Germán Rodríguez
Survival Analysis Princeton University

## Competing Risk Simulation

Here is a simple demostration of the difference between the marginal distribution of a failure time and and the associated single-decrement function, in a competing risks framework with two causes of failure.

• We will simulate two correlated standard log-normal random variables, with a user-supplied parameter `rho`. Call these `t1` and `t2`. The overall survival time `t` is the miminum of the two. There is no censoring.

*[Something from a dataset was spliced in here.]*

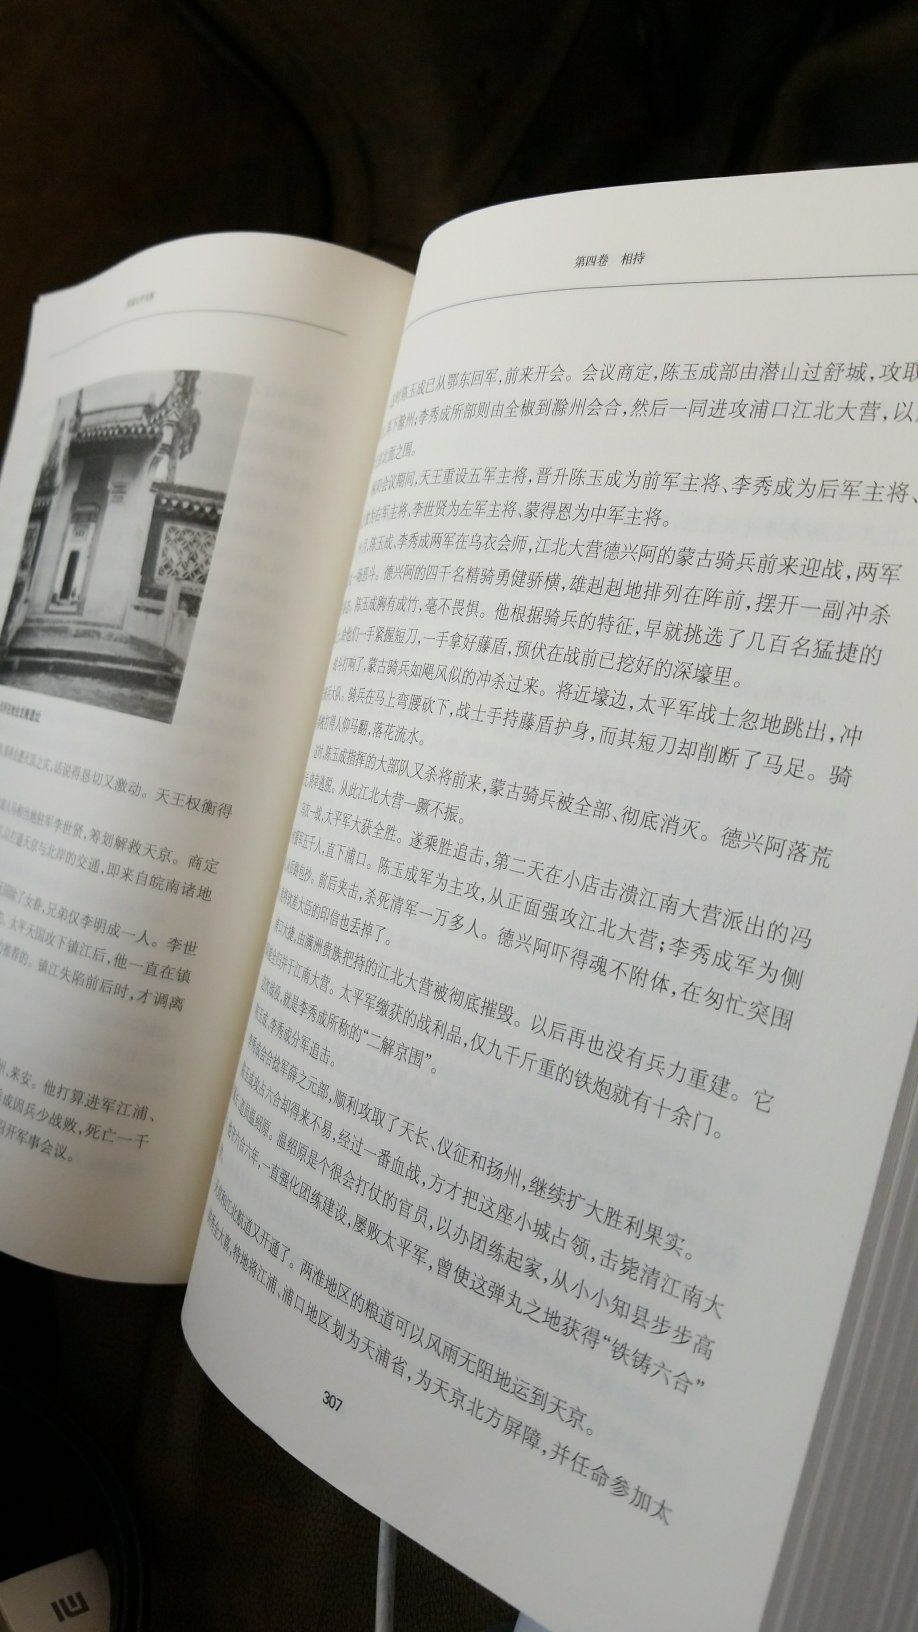 很好，内容详细，了解徐州会战的一本好书

• We calculate three Kaplan-Meier estimates: the joint survival, the marginal distribution of the (unobserved) time `t1`, and the survival-like function obtained by censoring observations that fail due to cause 2.

Here’s a Stata command an R function to simulate and plot the data:

```. capture program drop simcomp

. program simcomp
1.     args rho n
2.     if "`n'" == "" local n 1000
3.     clear
4.     quietly {
5.         set obs `n'
6.         gen y1 = rnormal()
7.         gen y2 = rnormal(`rho' * y1, sqrt(1-`rho'^2))
8.         gen t1 = exp(y1)
9.         gen t2 = exp(y2)
10.         gen t = min(t1, t2)
11.         gen j = (t1 < t2) + 1
12.         stset t, fail(1)
13.         gen tos = _t
14.         sts gen os = s
15.         stset t, fail(j == 1)
16.         sts gen asd = s
17.         gen tasf = _t
18.         stset t1, fail(1)
19.         sts gen ms = s
20.         gen tms = _t
21.     }
22.     twoway line os tos if tos < 8, c(J) sort ///
>       || line asd tasf if tasf < 8, lc(red) c(J) sort ///
>       || line ms tms if tms < 8, lc(green) c(J) sort ///
>          title("Single-decrement, marginal and joint survival when rho=`rho'")
>  ///
>          legend(order(1 "joint" 2 "asd" 3 "marginal") )
23. end
```
```> simcomp <- function(rho, n=1000) {
+     meanlog = 0; sdlog = 1; tmax = 8
+     require(survival); require(dplyr); require(ggplot2)
+
+     # Simulate data
+     y1 <- rnorm(n, meanlog, sdlog)
+     y2 <- rnorm(n, meanlog + rho * (y1 - meanlog), sqrt(1 - rho^2) * sdlog )
+     t1 <- exp(y1)
+     t2 <- exp(y2)
+     t <- ifelse(t1 < t2, t1, t2)
+     j <- (t1 < t2) + 1
+
+     # Kaplan-Meiers
+     os  <- survfit(Surv(t, j > 0) ~ 1) # overall survival
+     asd <- survfit(Surv(t,  j == 1) ~ 1) # associated single decrement
+     ms  <- survfit(Surv(t1, j > 0 ) ~ 1) # marginal survival
+
+     # ggplot
+     tdf <- function(sf,name) {
+         data.frame(time=sf\$time, surv=sf\$surv, group=rep(name,length(sf\$time)))
+     }
+     km <- filter(rbind(tdf(asd,"asd"), tdf(ms, "marginal"),
+         tdf(os,"joint")), time <= 8)
+     ggplot(km, aes(time, surv, color=group)) + geom_step() + xlim(0, 8) +
+       scale_color_manual(name="group",
+       values=c(asd="red", marginal="green",joint="black"))
+ }
```

And here is the result when we try `rho=0.5`

```. simcomp 0.5

. graph export simcomp.png, width(500) replace
file simcomp.png saved as PNG format
```
```> library(ggplot2)
> simcomp(0.5)
> ggsave("simcompr.png", width=500/72, height=400/72, dpi=72)
```

What would you expect if the correlation is closer to zero? Closer to one? Try `rho=0.2` and `rho=0.8` to confirm your intuition.